Right-wing media have lied for years about the American health care system, downplaying the fact that millions of people are either uninsured or lack access to affordable health care.
With a possible pandemic on the horizon, that’s a real problem.
A perfect example of this problem is evident in the Miami Herald’s reporting about Osmel Martinez Azcue. After visiting China, he felt sick. Taking the advice of experts, he went to the hospital, where it turned out that he did not have the novel coronavirus strain known as COVID-19, but rather the common flu. He was then billed $3,270, but he may only have to pay $1,400 for the tests he was given if he can prove to his insurance company that the flu he contracted was not related to a preexisting condition. The Herald noted that so-called “junk plans” that don’t actually cover common medical expenses contribute to this problem, writing that “often the plans aren’t very different from going without insurance altogether.”
This is completely absurd. As the Los Angeles Times’ Matt Pearce noted, people in other countries don’t pay anything near this amount for a coronavirus test.
Right-wing media have defended this ridiculous system for years, fearmongering about proposals that would improve health care quality. People on Fox News are totally fine with rising rates of the uninsured in the U.S. They demand that undocumented immigrants be denied access to health care. Right-wing pundits embrace junk plans and argue loudly that such plans should be allowed to be sold across state lines.
In short: Right-wing media assume that there will never be a health crisis that requires the public to actually get treatment. But this system has always been vulnerable to an actual crisis.
Authoritarian countries like Iran and China are having problems for similar reasons, as Zeynep Tufekci wrote, because of “authoritarian blindness.” By privileging lies, authoritarian leaders are often blind to developing problems.
Right-wing media have long privileged lies about the American health care system, and now we have a president who believes those lies.
Look at Dr. Nancy Messonnier. Trump is reportedly furious at the CDC official for telling the truth about coronavirus eventually impacting the United States.
Or look at Rush Limbaugh. Not only did he downplay the virus and claim it was being weaponized by the media in an effort to bring down Trump, but he’s also now saying that Bernie Sanders and the Democratic Party pose “a much greater threat to this country than the coronavirus does.”

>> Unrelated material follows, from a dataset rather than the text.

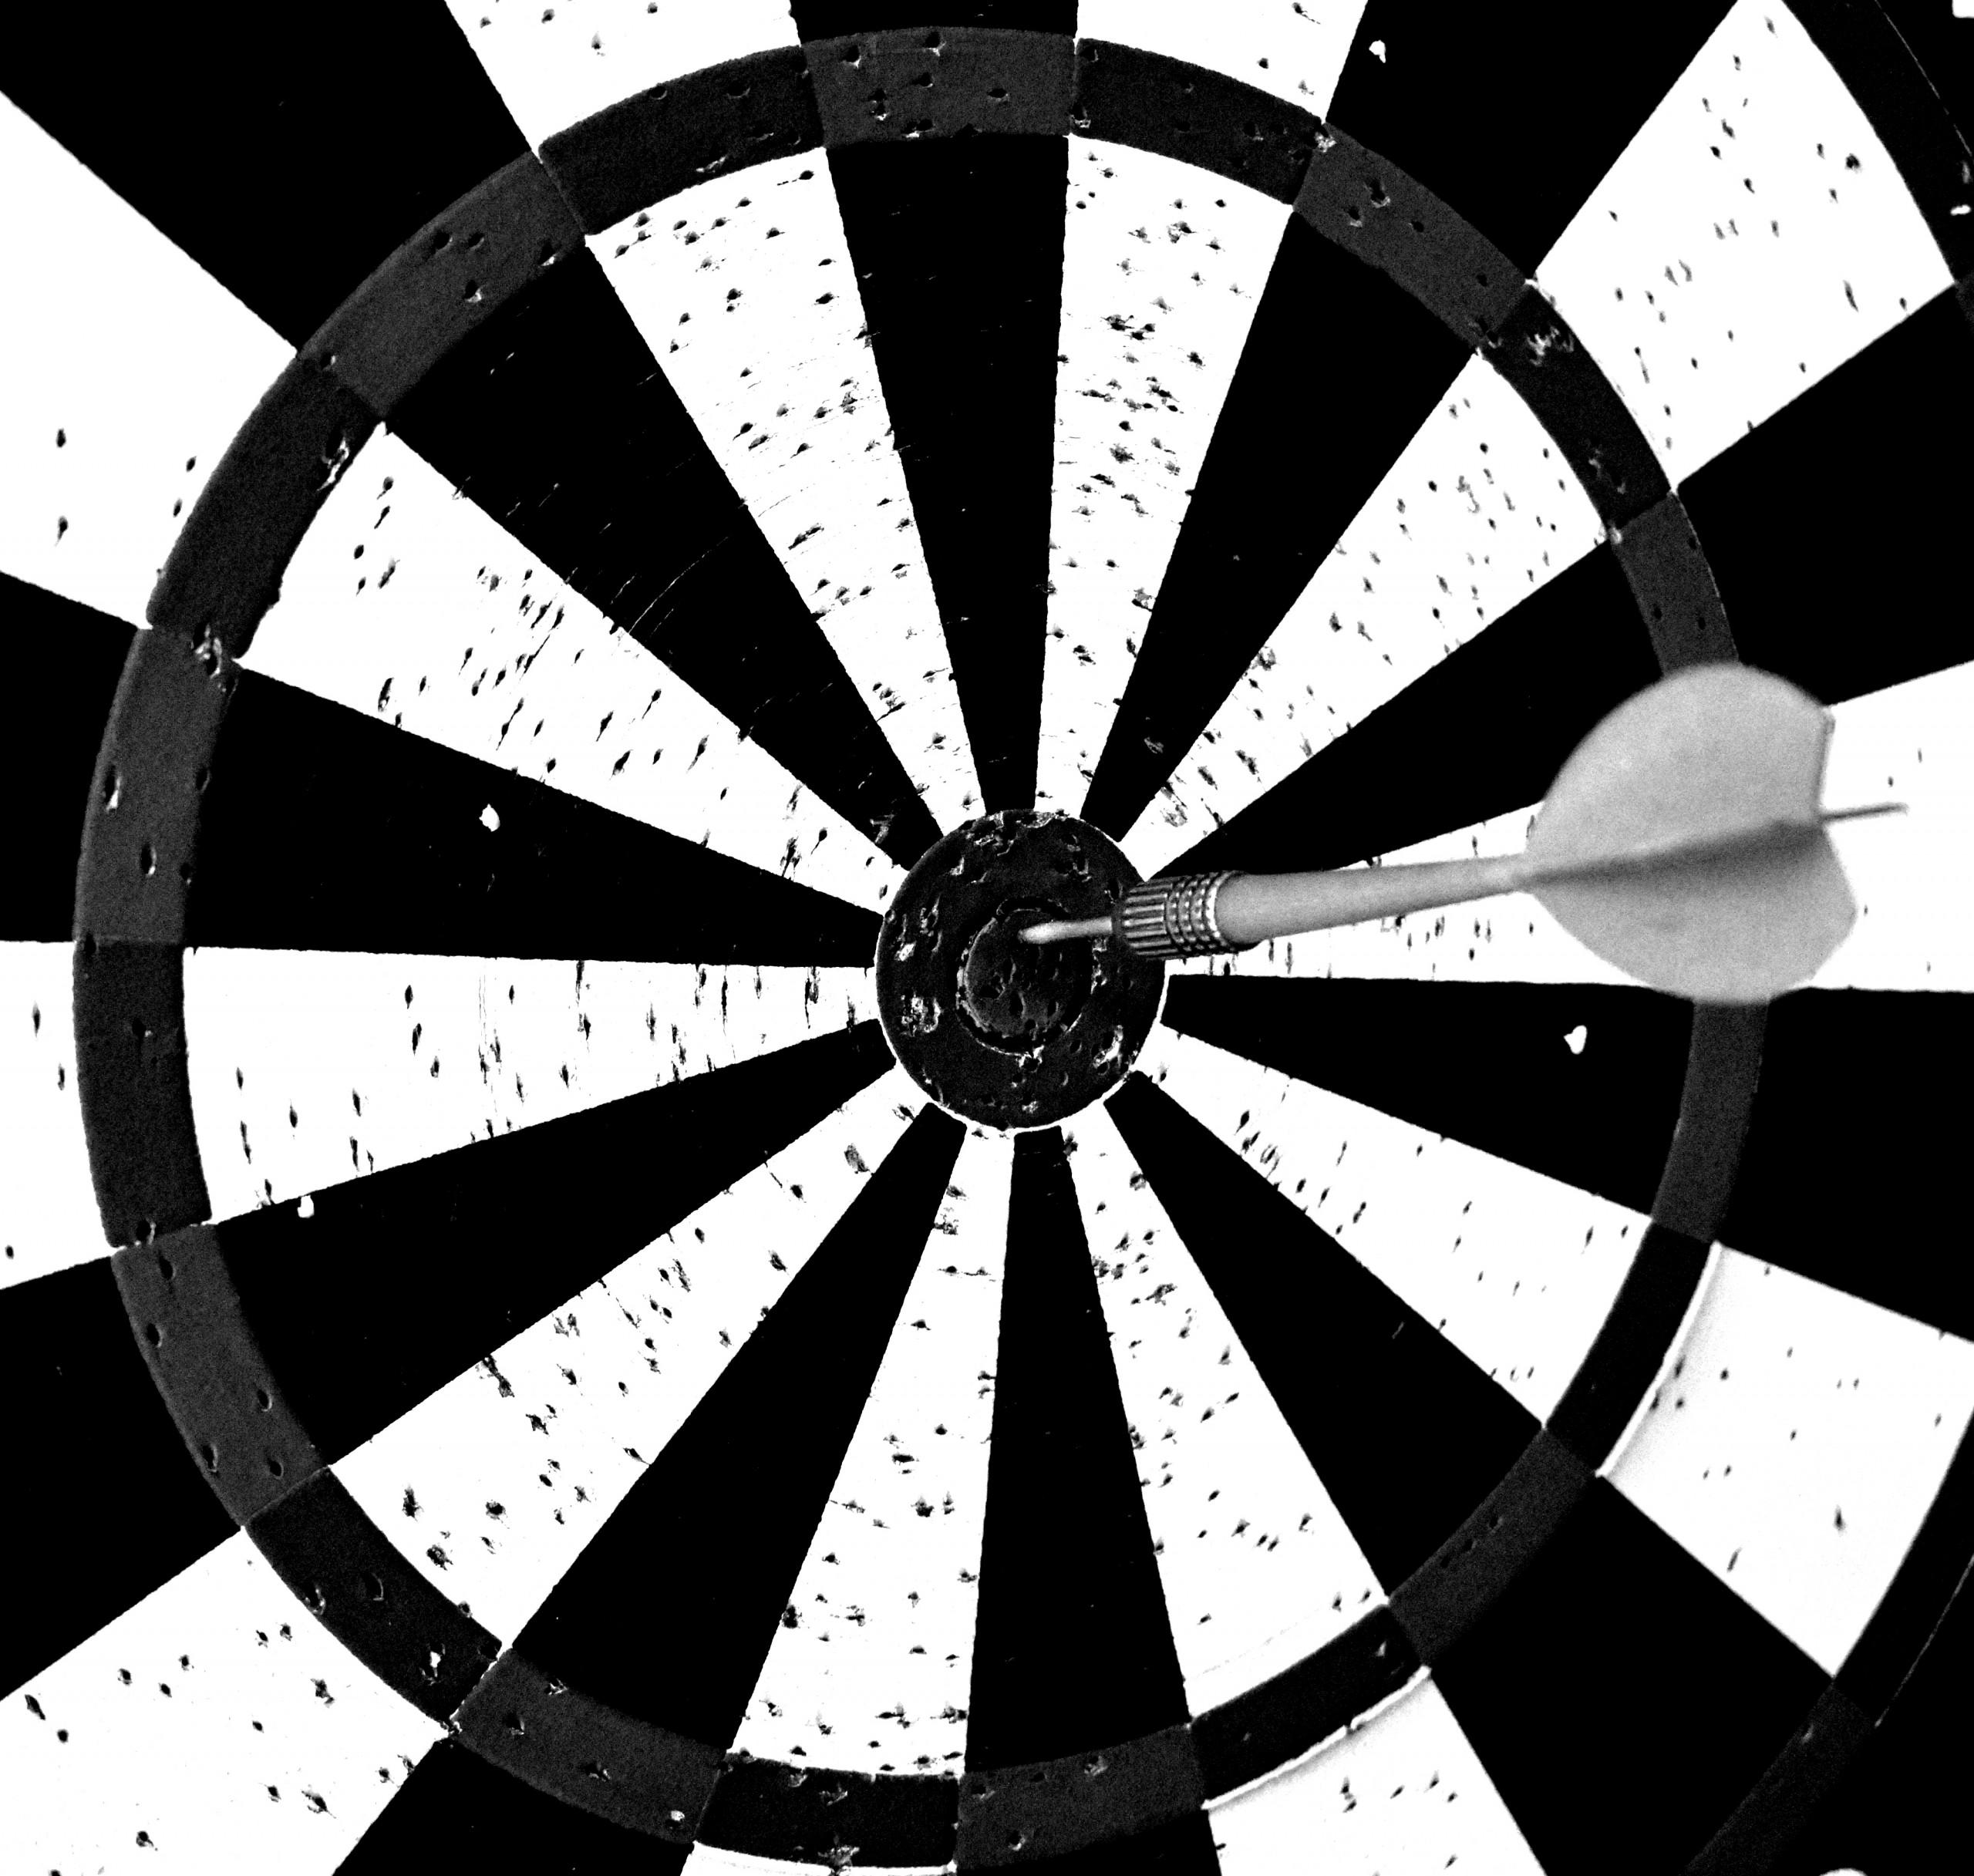 The Bullseye on Dart Board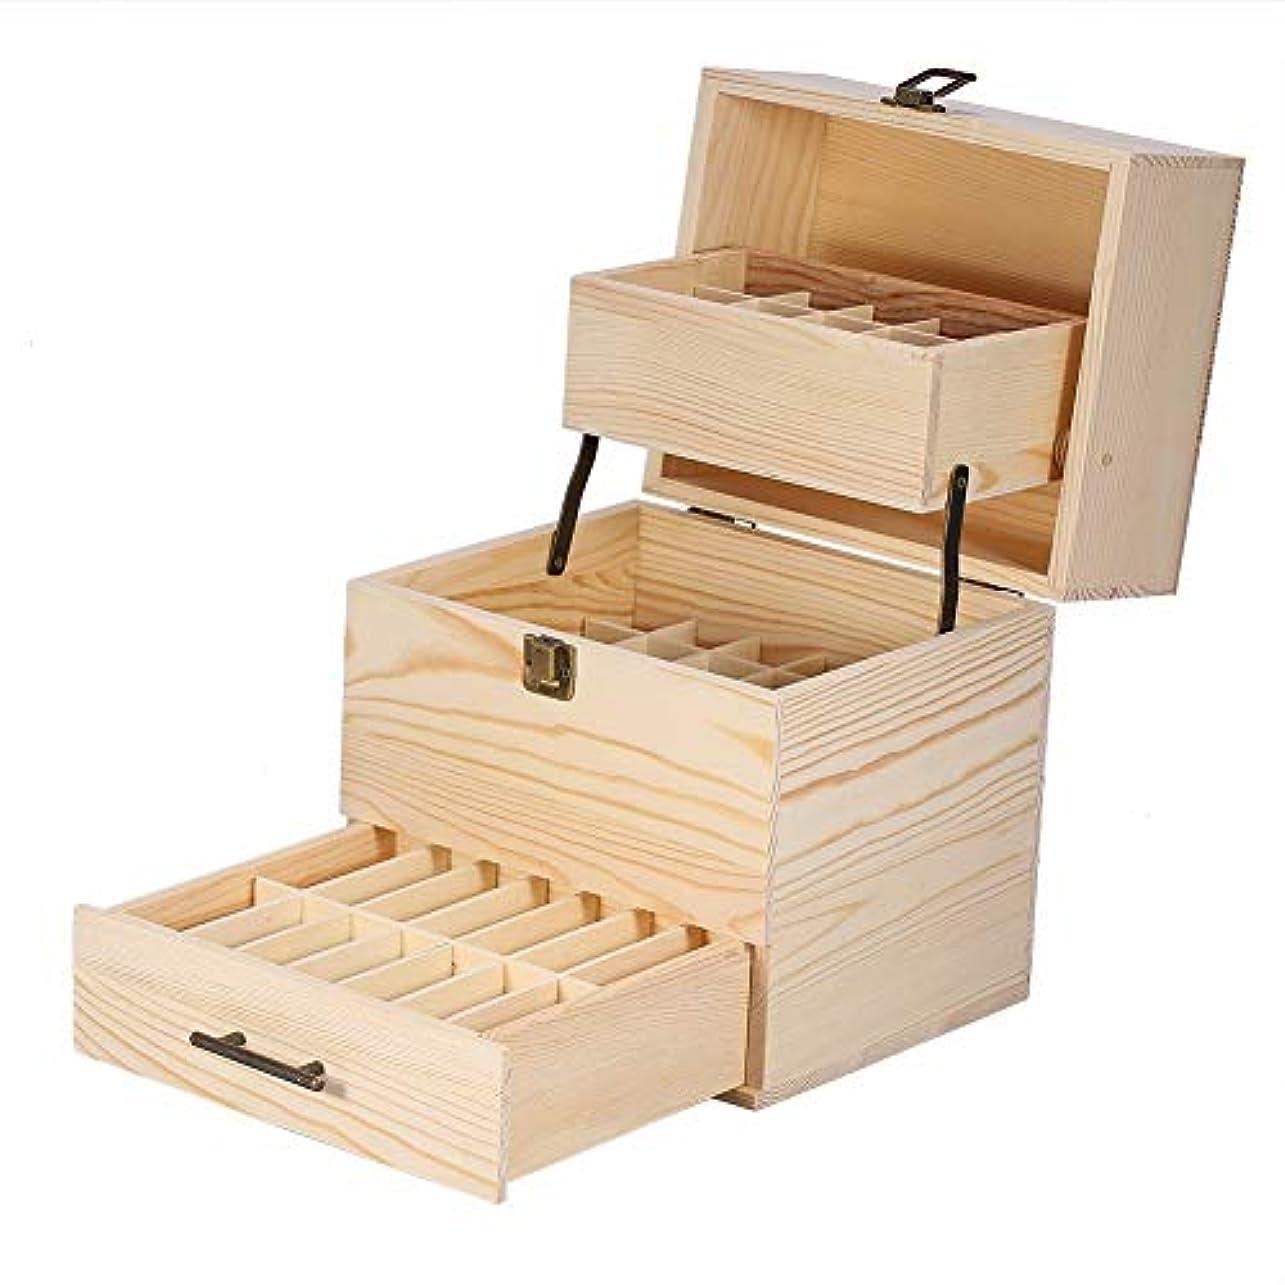 汚染されたくちばし中間木製の三層エッセンシャルオイル収納ボックス

Guaranteeing that everyone in the country has reliable access to health care is not some fringe or radical notion. Limbaugh and his ilk can scream about Venezuela all they want, but from Canada to the U.K. to elsewhere in the world, developed countries have found ways to ensure their residents have basic access to health care, which comes in handy when there is a potential pandemic.
Sanders (and Elizabeth Warren) have built their campaigns around the idea of ensuring that every American has high-quality health care. And instead of showing empathy or understanding why Medicare for All is so popular with the public, we have pundits scratching their heads and appearing wildly confused.
The Trump administration can’t even promise that a coronavirus vaccine would be affordable for everyone:
Maybe things would be different if network news had properly covered the health care crisis in America before coronavirus became a potential pandemic. (Instead, we’ve seen health care mainly be covered as a political football.)
But now it’s just another episode of the neverending right-wing morality play in which rich people deserve everything they have, including amazing health care, while the rest of us can get by with junk plans (if we’re lucky) that leave us medical bills that most can’t afford.